Common guidance is needed so that everyone is moving in the same direction. Businesses are crying out for it. They feel there is no clear plan for the EV revolution, and are instead being left to predict the future alone.
Subsidies can trigger change, but not maintain it. They can help ensure EV sales continue until a tipping point is reached and EVs are seen as the norm. Unfortunately, some countries (for example Germany) that initially offered subsidies have simply stopped them. This has sent the wrong signal to consumers, and led to an immediate drop in sales.
At the same time, other countries (for example Denmark) have handled the situation better, by clearly stating that their subsidies are available for a limited time, and are beginning to reduce contributions or increase taxes in a pre-planned way. It seems clear that governments need to follow the lead set by their more successful counterparts and create incentive programs that are planned and organized transparently.
Did governments correctly anticipate the resultant drop in sales? It can be argued that subsidy reductions and tax increases were, on the whole, begun too early. European nations face a tricky decision about what to do next: proceed with current plans, or U-turn and maintain incentives for a longer period.

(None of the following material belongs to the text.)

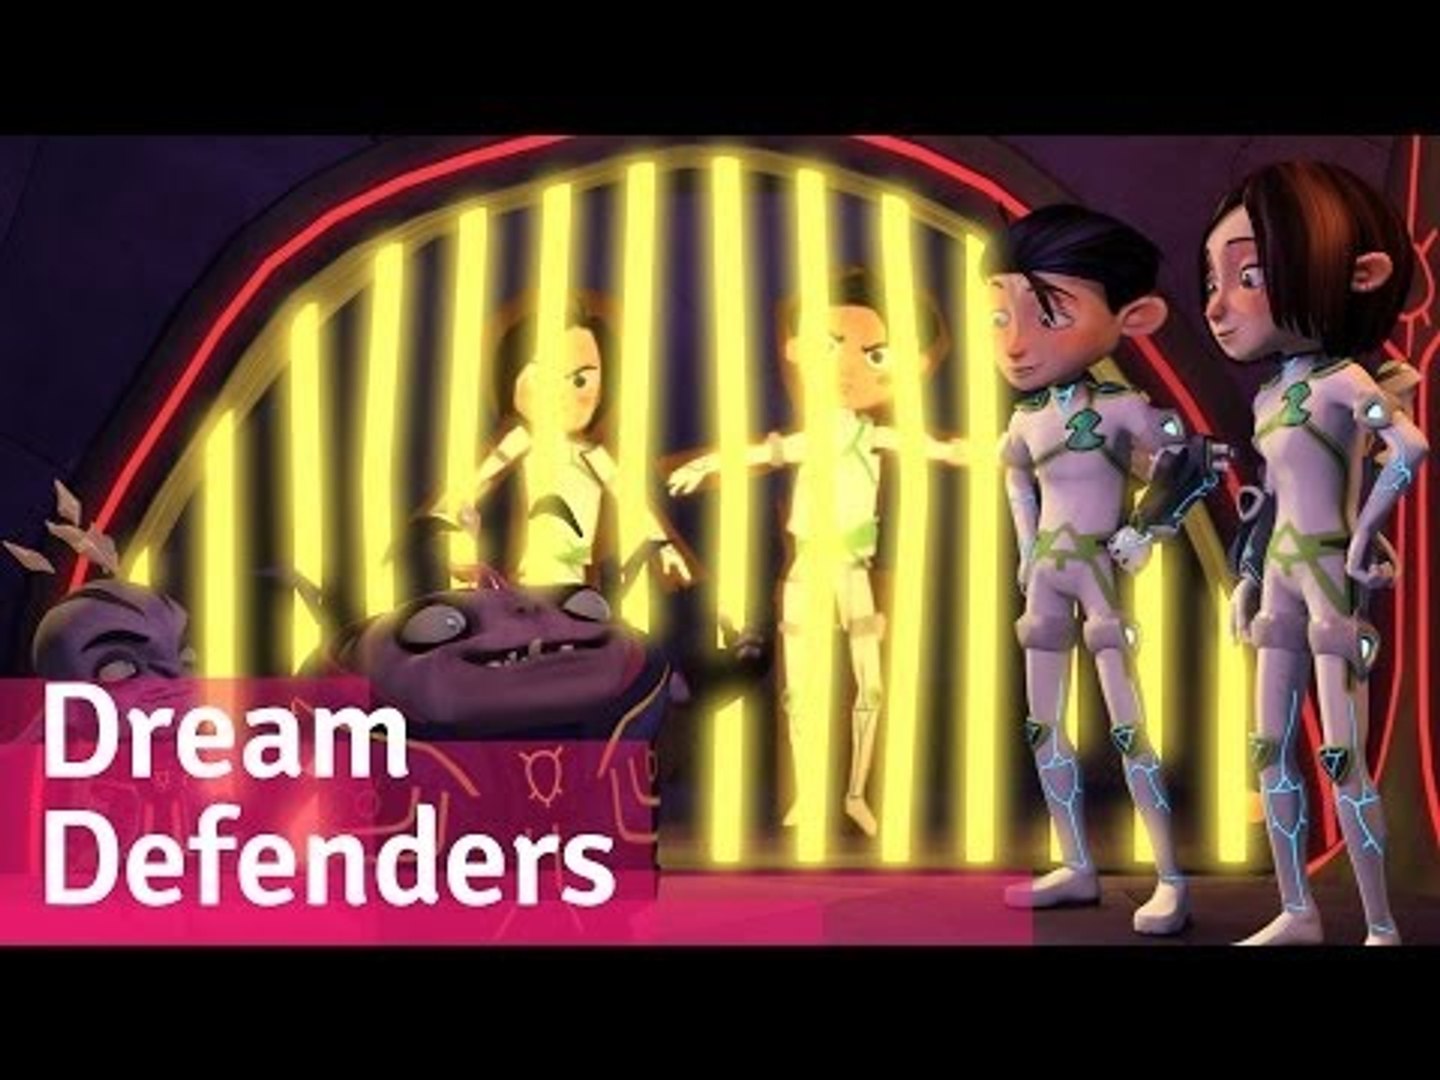 Dream Defenders - Animation Short Film // Viddsee

As we outlined in the first article of this mini-series, our own research yielded some interesting insights into consumer attitudes towards EVs. Owners registered far less concern about vehicle range, and even the burden of recharging, than those who were yet to purchase one.
This tells us that the message of satisfied ownership is not getting through. The industry could be making a much more persuasive argument around the practical benefits of the technology, and at the same time debunking some of the myths and negative PR around EVs, for example the supposedly increased fire risk, and misinformation around cradle-to-grave sustainability.
A key question for OEMs is how they can get more potential buyers to try EVs in the first place. Try-before-you-buy schemes may be a useful approach.
Ongoing improvements in areas such as battery performance and range are, of course, essential to make EVs a more attractive proposition. But there is a problem. Buying an electric vehicle is a big investment, and consumers are worried that the vehicle they buy today will be upgraded and obsolete by the time it comes to selling or replacing it in three or four years. It’s a similar phenomenon to that seen in the mobile phone market.
This is perhaps the problem that is hardest to solve. It affects many industries. Part of the answer is that OEMs need to maintain pressure to deliver the magic threshold of 500km range, which is the point at which many consumers would consider range anxiety to be no longer an issue, and will likely spark greater confidence in going electric. It’s a widespread perception that although many new EVs now meet this threshold by manufacturer claim, real-world performance falls consistently short, especially over time.
Manufacturers could also offer more leasing or subscription models, which have proved popular so far especially amongst younger drivers.
The remedy to the depreciation problem may in fact lie with the aftermarket, which is yet to reach maturity. This will take greater support and investment from OEMs to ensure that used EVs can be more easily (and less expensively) serviced, and therefore hold their value for longer.
At the heart of the hesitancy in the electric vehicle market, particularly in Europe, is fragmented decision-making. The industry lacks a clear target picture – one that should be assembled by effective, centralized organizing bodies that could ensure common standards in design.
At the same time, a better job needs to be done of building the EV market around the consumer. It is not enough simply to say that EVs are more sustainable. More must be done to understand both the desires and the concerns of potential buyers.
We believe it is up to national governments and trans-national organizations such as the EU to take a stronger lead. Only then will the new era in mobility become a reality.